THE number of people switching energy provider – gas or electricity – fell to just two per cent in the second quarter of this year, from three per cent in 2012, the lowest since records began in 2003, with consumers apparently refusing to exercise their sovereignty despite rocketing prices – or so official figures from the department of energy and climate change (DECC) would suggest.
But Moneysupermarket’s results yesterday paint a very different picture. The price comparison website said its revenues in the first weeks of October had shot up by 25 per cent compared to a year ago as customers raced to switch.
Since Labour leader Ed Miliband pledged at the end of September that he would freeze energy prices until 2017 if elected, the UK’s big six energy providers have been at the centre of a row over rising bills, with politicians from all sides attacking the price hikes and calling for reform.
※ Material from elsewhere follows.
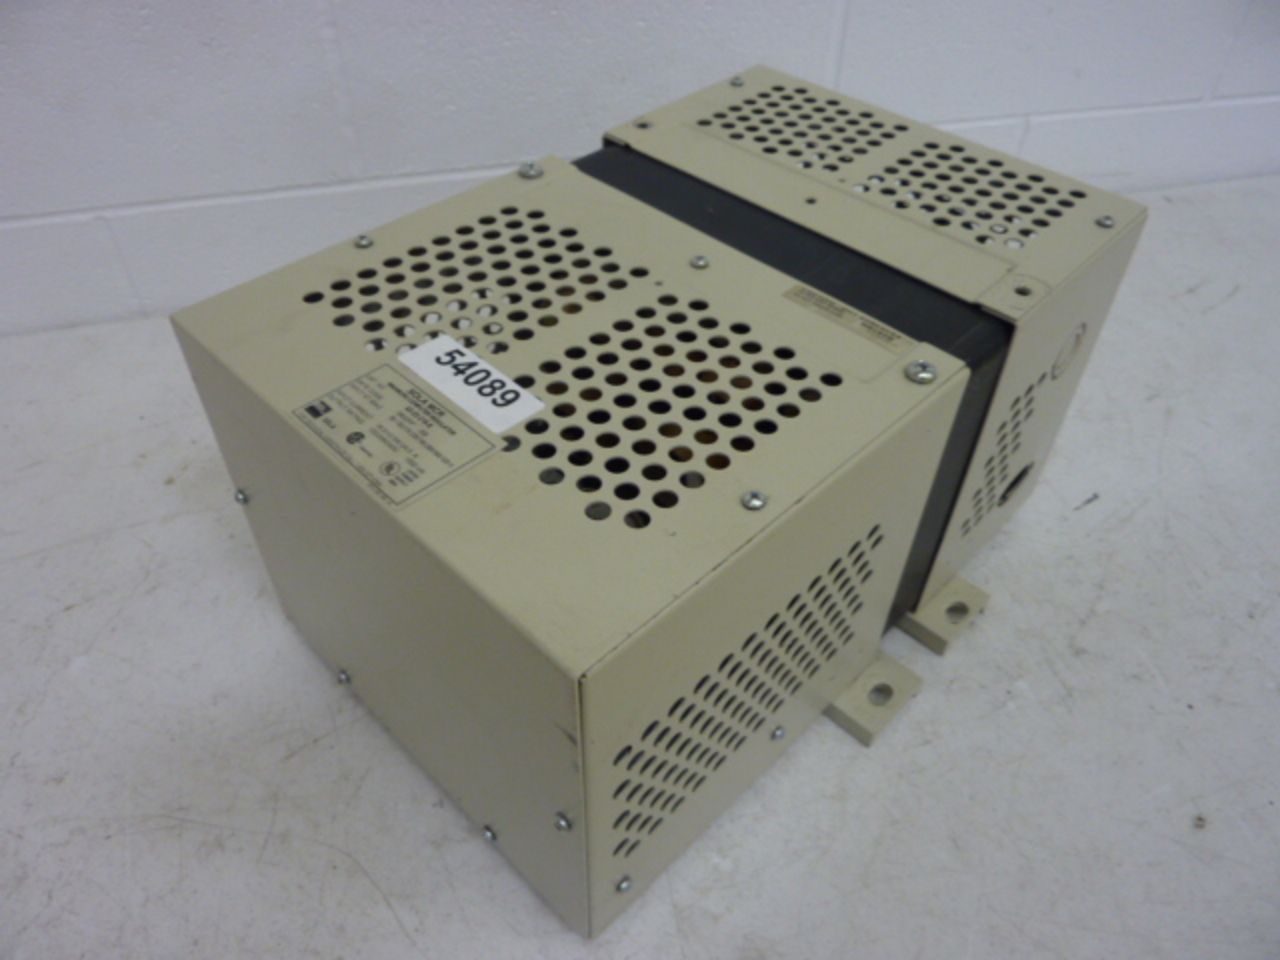 Details about   SOLA ELECTRIC 5.5 kVA Transformer 63-23-215-8 Used #54088

The message seems to be sinking in, and consumers are voting with their feet.
It’s great news for companies like Moneysupermarket.com, whose shares shot up by more than 15 per cent yesterday, but also for the likes of First Utility – the firm Miliband switched to last year after receiving a particularly unwelcome bill.
Until DECC releases its next round of statistics at the end of December, we’re unlikely to know whether the rush to change providers was a momentary blip or the start of a real change in what consumers are now demanding from energy firms. In the meantime though, an unexpected source has given the big six plenty to think about.